We are in the midst of a kind of golden age of documentary filmmaking. There are so many standouts this year, as there are every year, and it’s virtually impossible to see them all. One that should not be missed is National Geographic’s Jane.
Directed by Brett Morgan and covering the life of Dr. Jane Goodall, Jane features never before seen footage of the young revolutionary setting foot into the Gombe reserve for the first time in 1960. As much of a big fan as I am, I didn’t know a great deal about the young Jane. I didn’t know how she’d gotten to the Gombe in the first place, how difficult it was for her as a young woman to do it. I didn’t know she would meet her husband there, that eventually she’d have a baby boy of her own and that she would have to decide between pursuing her important work and giving her son a good life. It’s something women always must wrestle with because, mostly, our work is not designed for women but for men who can leave children at home with the women.
Jane shows us so much of that early footage, and it’s remarkable not just because the person shooting it is in love with Jane, or might soon be, but because it shows how Goodall pioneered the human/chimp relationship, a way to do science without losing our humanity. Eventually, Goodall would help to release chimps from scientific research labs and would use her work to prove to the scientific community and the mostly ignorant world of humans that these are not pets or toys but are intelligent, thinking, complex and complicated primates — our cousins — who deserve our respect and our protection. We humans are worth nothing if we can’t protect them and other animals from the ravages of our own imperfect species.

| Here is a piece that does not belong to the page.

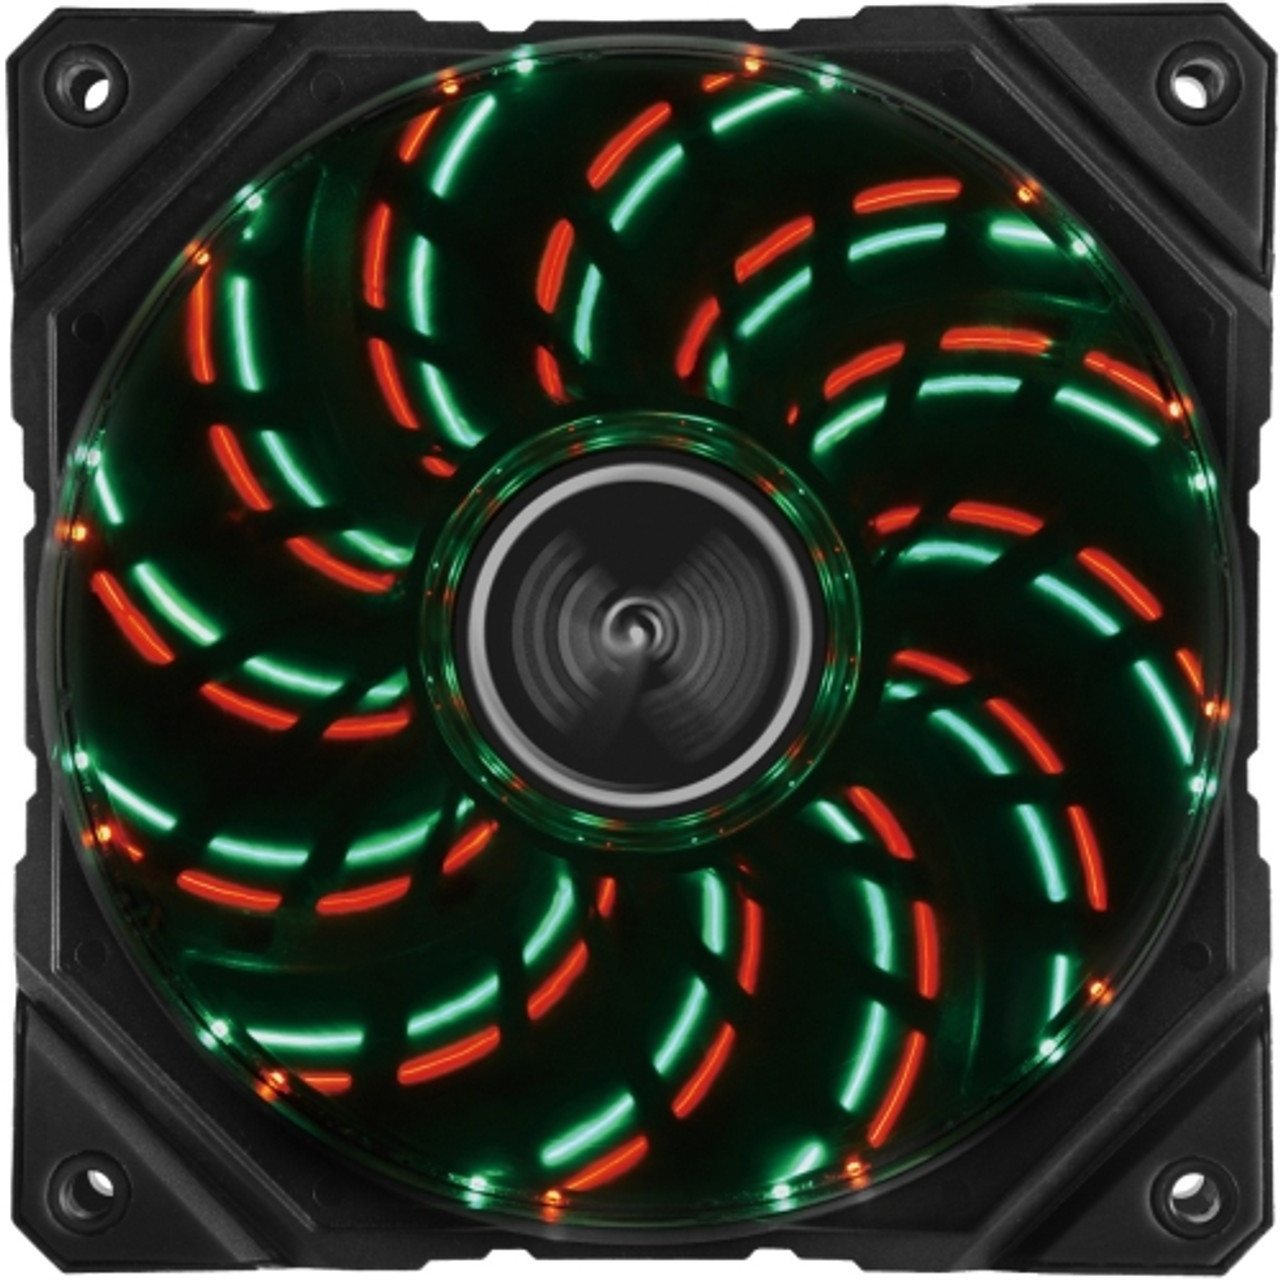 UCDFVD12P Enermax D.F.VEGAS DUO Cooling Fan 120 mm 1500 rpm61.9 CFM 22 dB(A) Noise 4-pin, 4-pin PWM, Fan Power Adapter Red, Green LED
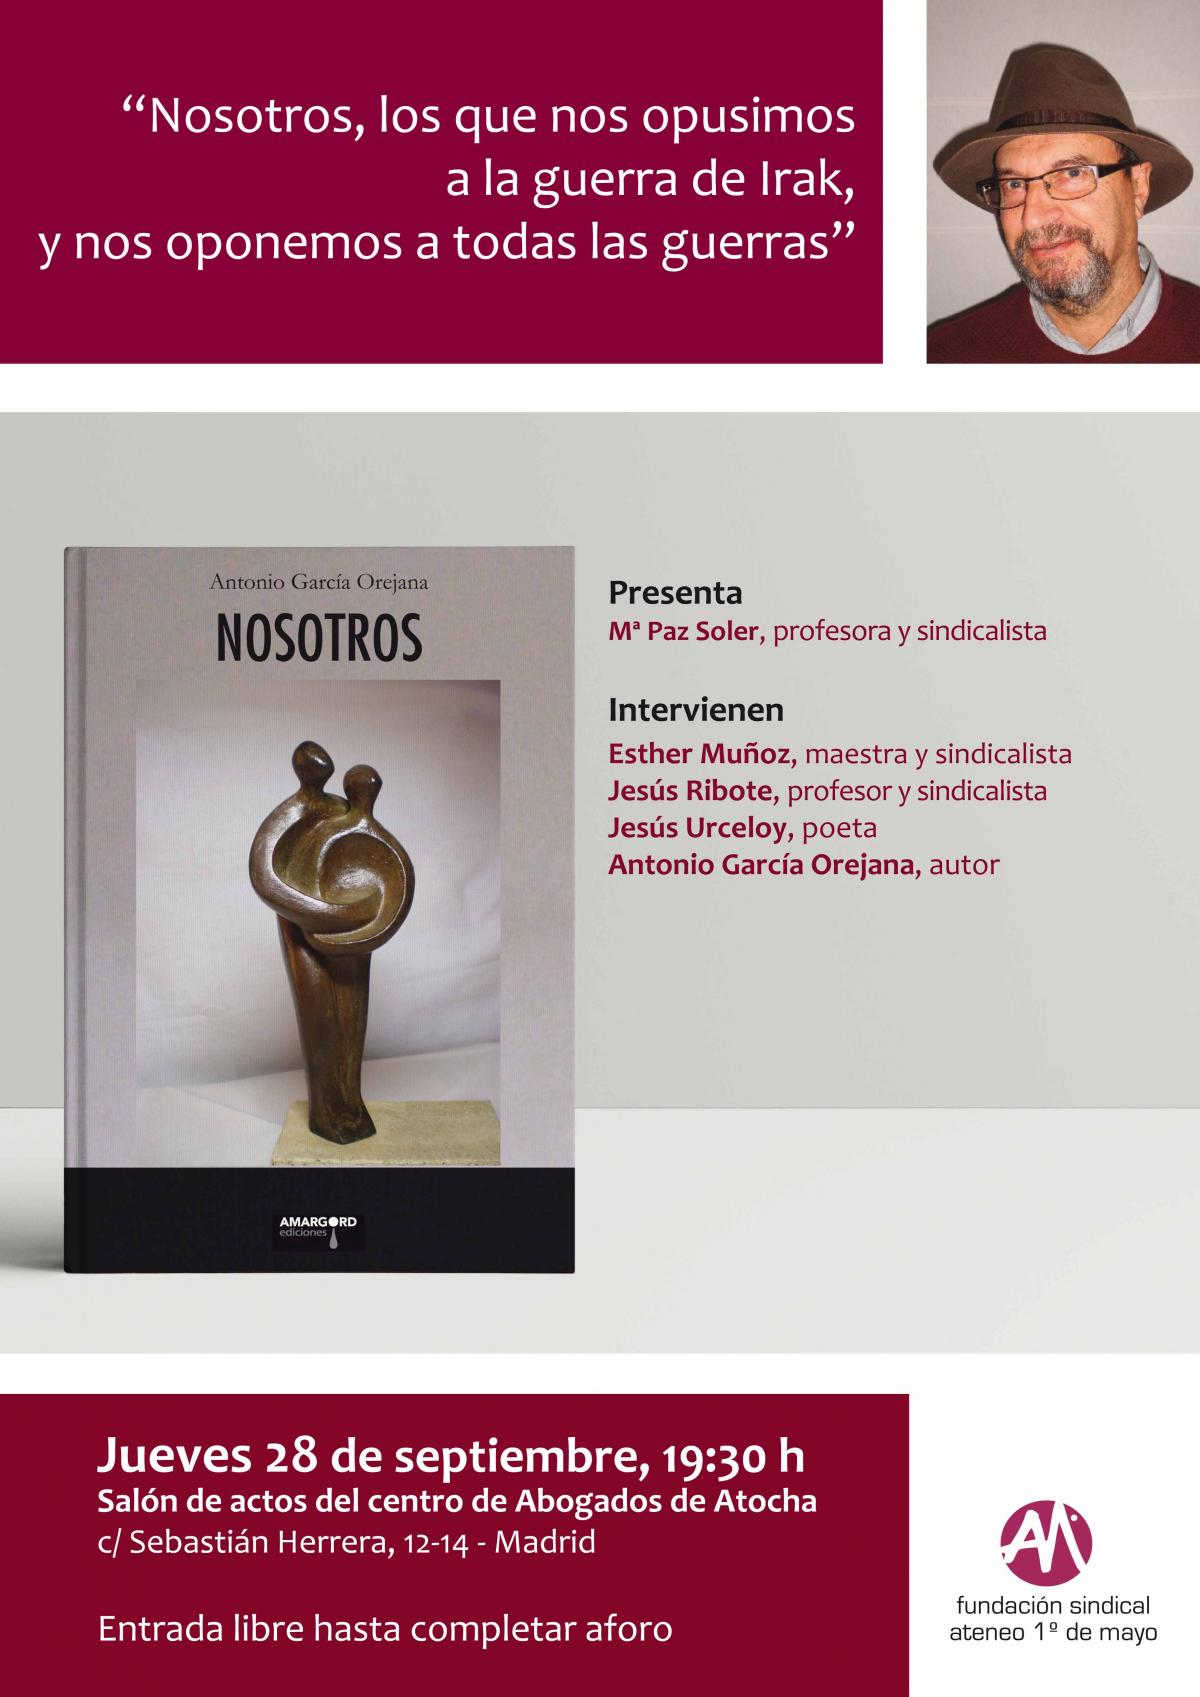 Presentaci�n del libro "Nosotros", de A. Garc�a Orejana

Jane intersperses interviews with Jane with the archival footage that introduced Jane to the world of academics. Her ambition was bigger than the confines of what a standard education at the time would have allowed her to do, or taught her what was and was not thought to be important. That Goodall’s work with chimps depended on her having an open mind, one free of the constraints a former education might have afflicted her with. She trusted her own observations and drew unique conclusions based on those. She became familiar with families of chimps, gave them names and tracked their evolution within their chimp clan. How do males behave? How do females? How do mothers and babies interact? How do they mate? How do they compete? How do they care for one another, and how do they fight?
The film offers us a chance to listen to Jane’s own rumination about her life then and now. It is that perspective of hers that enabled her to be such a great receiver of information from a different species. All of those observations she speaks about. What’s remarkable is how different chimpanzees were from the way anyone else in the scientific community was writing about or talking about. She understood them in a way no one else really did.
In the calm quiet of the jungle where the cycle of life repeats itself daily — with creatures being born, mating, eating each other for food, there is a balance we humans have not mastered. Worse, we have separated ourselves from it, spring-boarding off a kind of manufactured imbalance. That imbalance has turned into a crisis.
Jane comes at a time when we’re on the brink of or in the midst of the sixth mass extinction in the history of life on earth. There is no doubt as to the cause: it’s us. There are too many of us, we’re using too many resources, we’re warming the planet, destroying natural habitats, disrupting migration paths, polluting the ocean with plastic and noise and toxins, consuming so much meat that the methane gas coming from livestock every year remains one of the worst causes of greenhouses gases. Although India and China appear to be taking the matter seriously, nothing in the United States indicates that we are. We just elected a president and an administration that will lift all regulations on coal production, drill baby drill, and if you think Americans are going to give up their cars, their toys and their meat you are greatly mistaken. In America we are raised to take what we want, consume what we want regardless of the consequences.
Watching the film Jane is an essential reminder that there are good humans out there who are motivated to do more than fret, but to take a chance as a young woman at a time when women were just starting to understand that they wanted more than just staying at home and raising families. Though not overtly feminist, or even particularly political, Jane Goodall is one of the best examples of why being female can actually enhance scientific observation. For her it became a lifelong commitment. She’s still at it, in fact. She’s actually out there, traveling from place to place, getting the word out. I will be telling everyone I know to see Jane, and I will hope that she inspires a generation to follow in her footsteps — those feet that traveled all the way to the Gombe all those years ago. Jane Goodall — where she leads, I will follow.